Мужичонка охнул, медленно опустился на скамейку и посмотрел на меня:
- Ну ты-то!.. Ты же знаешь, что не я твоих угробил, а?!.
Судья запнулась.
- Знаю, - громко ответил я.
- А прости... - священник перекрестил. - Прости окаянного. А убьёшь — чем лучше будешь?.. Пред Богом Господом нашим, Иисусом Христом, с чем предстанешь?.. А с грехом предстанешь... И не быть тебе с чадами своими, а гореть в аду, понимаешь? Так-то...
Я налил.
Не понимаю...
Фотографии: не могу наглядеться — жена улыбается, дочурка льнёт...
Я выпил и налил ещё.
Простить...
Простить?..
Но как же так? Ну как — простить?!. Да что ж за Бог у этих ряженых?!. Не то батюшка говорит. Что-то не то: или нужны мерзавцы Богу?.. Пусть убивают — так и надо?!.
Не тому батюшка Богу молится, не знает он Бога... Не верю!
Мой Бог справедлив. Его мир светел, там нет места мрази... Мой Бог велит: пойди и накажи! Зло должно быть наказано!
Таков мой Бог. А ваш?..
Прапорщик развернул тряпку. «Макаров» отблёскивал тусклой маслянистостью, я взял — легче. Я поднял, прицелился — почти хорошо. После батюшки было плохо, но сейчас — хорошо...
Прапорщик убрал тряпку:
- Патронов сколько?
- А сколько надо?
Прапор усмехнулся:
- Так это что за война... Магазин?.. Два?
- Хватит одного.
Прапор выложил магазин:
- Восемь...
- Чего?
- Патронов. Второй магазин со скидкой, - прапорщик пересчитал деньги. - Привет Иван Иванычу.
Я пошёл к выходу.
- Я ж абы кому не продаю, - сказал прапорщик, я оглянулся. - Только своим. Иван Иваныч-то... у него на людей нюх. Он знает, кому во благо, а кому... - Прапорщик вытирал замасленные руки тряпкой.
К чему это он?..
Мерседес вынырнул из парковки. За ним джип сопровождения. Отъехали, метрах в ста «ведёрко» мерса проблеснуло, бронированный кар крякнул, потом ещё: на обочину, смреды!..
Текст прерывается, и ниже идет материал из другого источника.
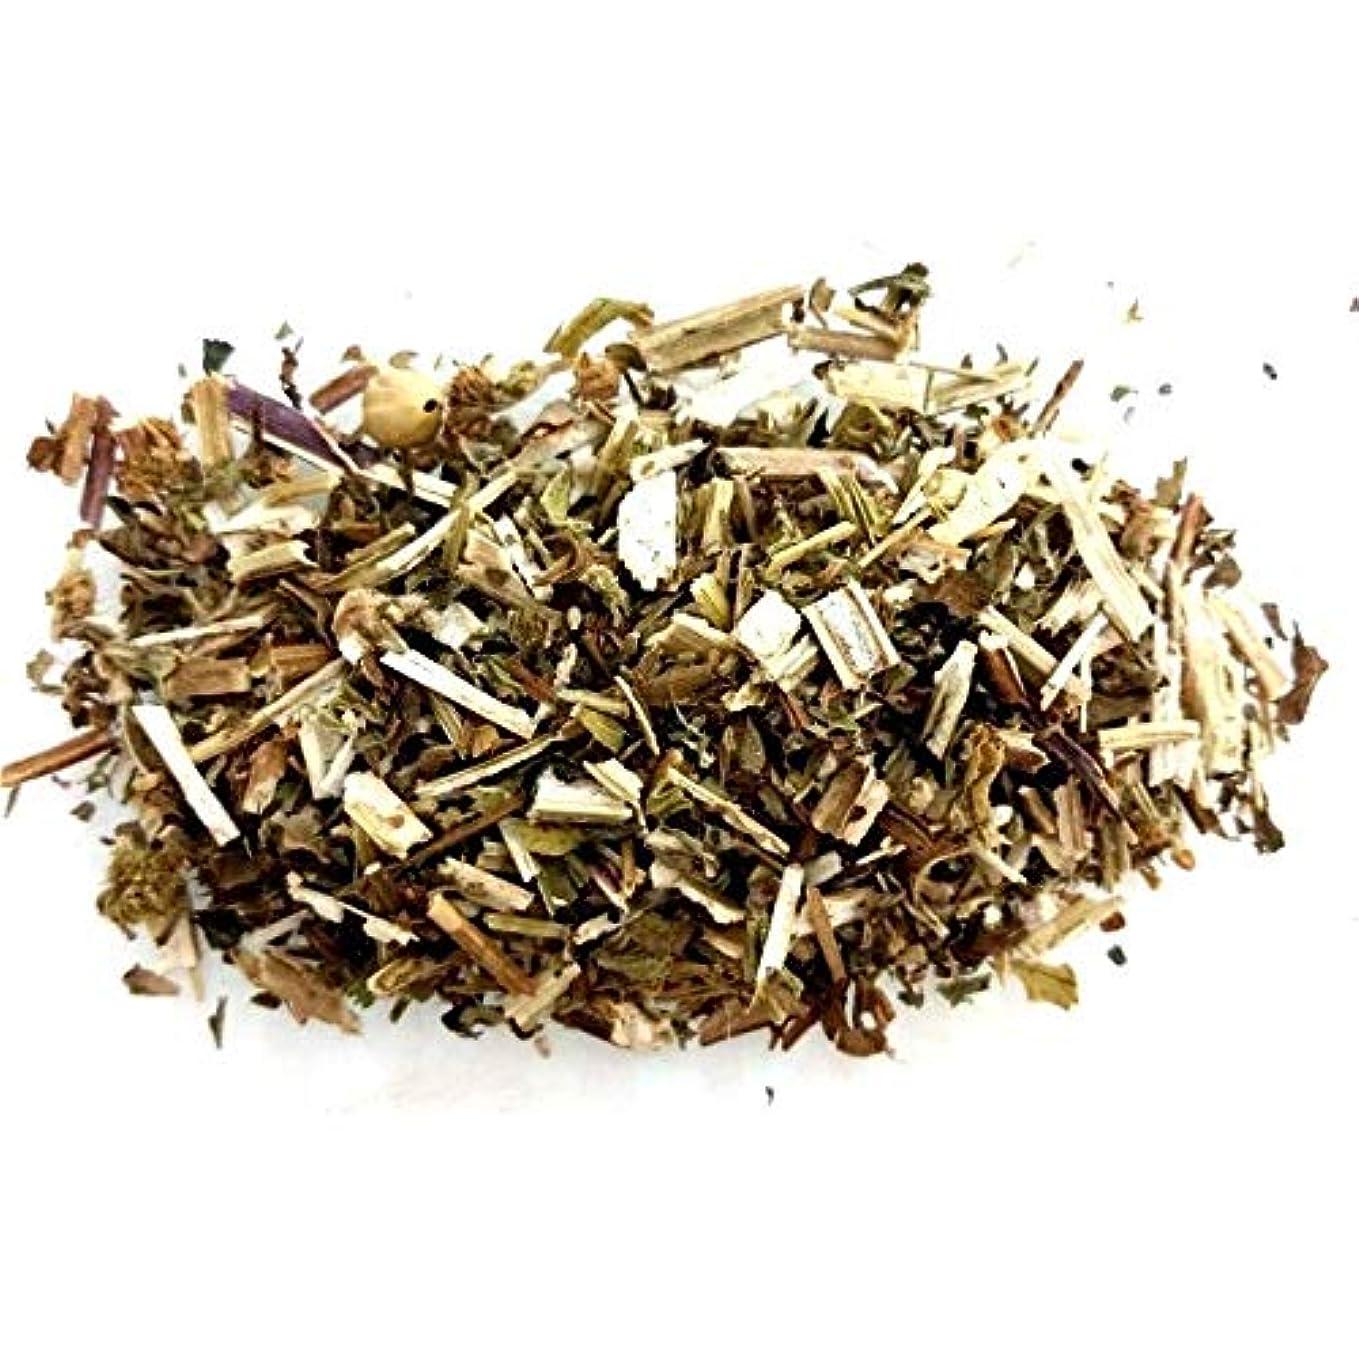 クッション子孫ファイル種子パッケージ:フレグランスMagikal Seedion儀式ウィッカパガンゴス-Incense erwort
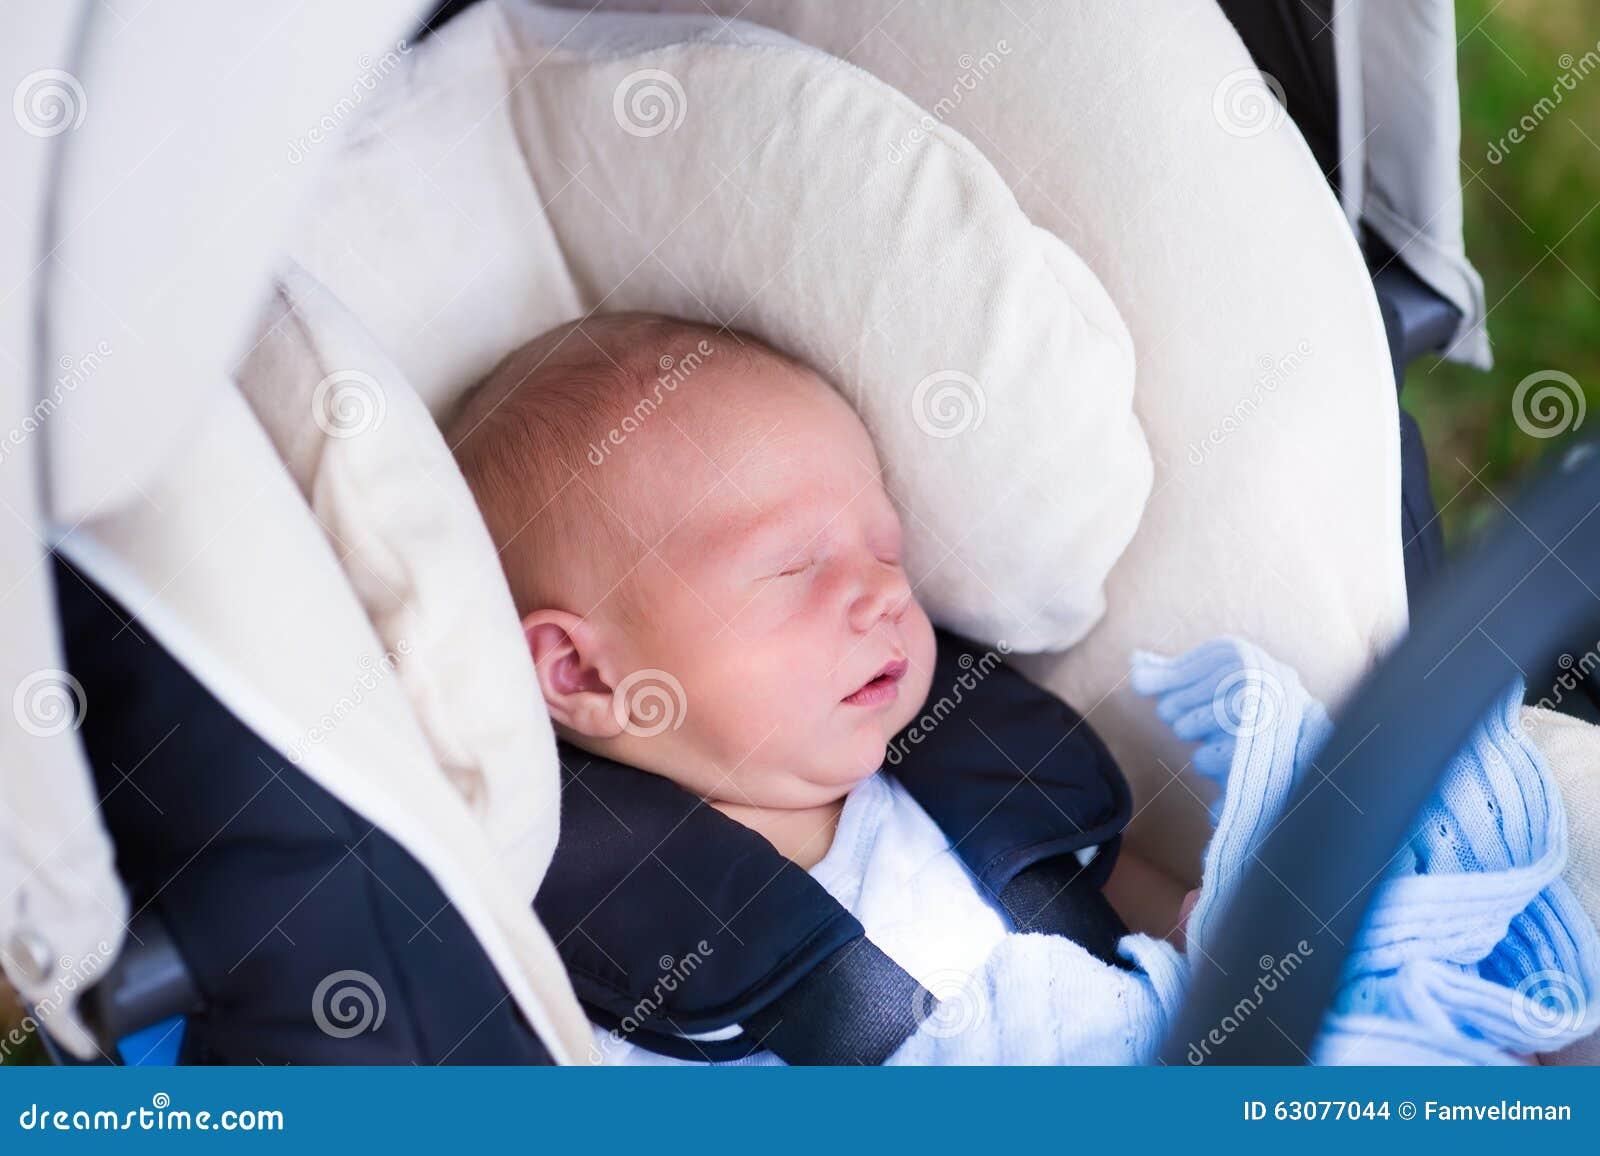 Newborn Baby Boy Sleeping Car Seat

Жалюзи паркинга поднялись опять, на сей раз ауди, за ней — БМВ, все с мигалками, но тоже сразу не включили, только позже, метрах в ста... Стесняются, что ли? «Малина» у них тут?..
Из зазеркалья вестибюля вышел таджик в оранжевом: смёл с тротуара бычки, собрал в кучку, хозяйски осмотрелся, закурил.
- Брат... - я протянул пачку «Парламента», - Мазератти на каком этаже?
- Тут многа Мазератти... - таджик бросил свою сигарету на тротуар и открыл «Парламент», - какая?
- Красная.
- А!.. - таджик с чувством затянулся «Парламентом», прицокнул. - Балшой человек. Все к нему ездят, - кивнул вслед мигалкам. - Там, - таджик показал на окна третьего этажа. - Поздна уходит. Долга сидит.
Я отошёл.
Долго сидит... Небось, миллионы считает: миллион к миллиону, труп к трупу...
Таджик докурил, бросил и начал сметать свои бычки с тротуара.
Восемь...
В окнах третьего, по-прежнему, горел свет. Выехали все, только не Мазератти. Я пощупал своего «Макарова»: снять с предохранителя и в лобовое, левее... снять с предохранителя...
Когда ж он выедет?.. Холодно.
А это что?..
Напротив выезда из паркинга встала «девятка», из открытых окон неслась музыка фм. К «девятке» подошли, из машины тоже вышли — пацаны, гопники. Молодёжь принялась лобзаться, как у них принято, «по-братски»... Тьфу!
Пошло пиво, громкие «базары», и ещё громче — музыка.
Тусуются ребята.
Из вестибюля вышел охранник, направился к пацанам...
Я — по стеночке, осторожно, в вестибюль — никого! Перемахнул турникет, к лестнице — кругом видеокамеры.
Пусть... я помахал в одну — пусть знают...
С предохранителя...
Меня не ждали. Двое, крепкие, бриты наголо. Пока поднялись, я всадил по две каждому: раз — по ногам, второй — в плечо... Бугаи свалились, скорчились — больно.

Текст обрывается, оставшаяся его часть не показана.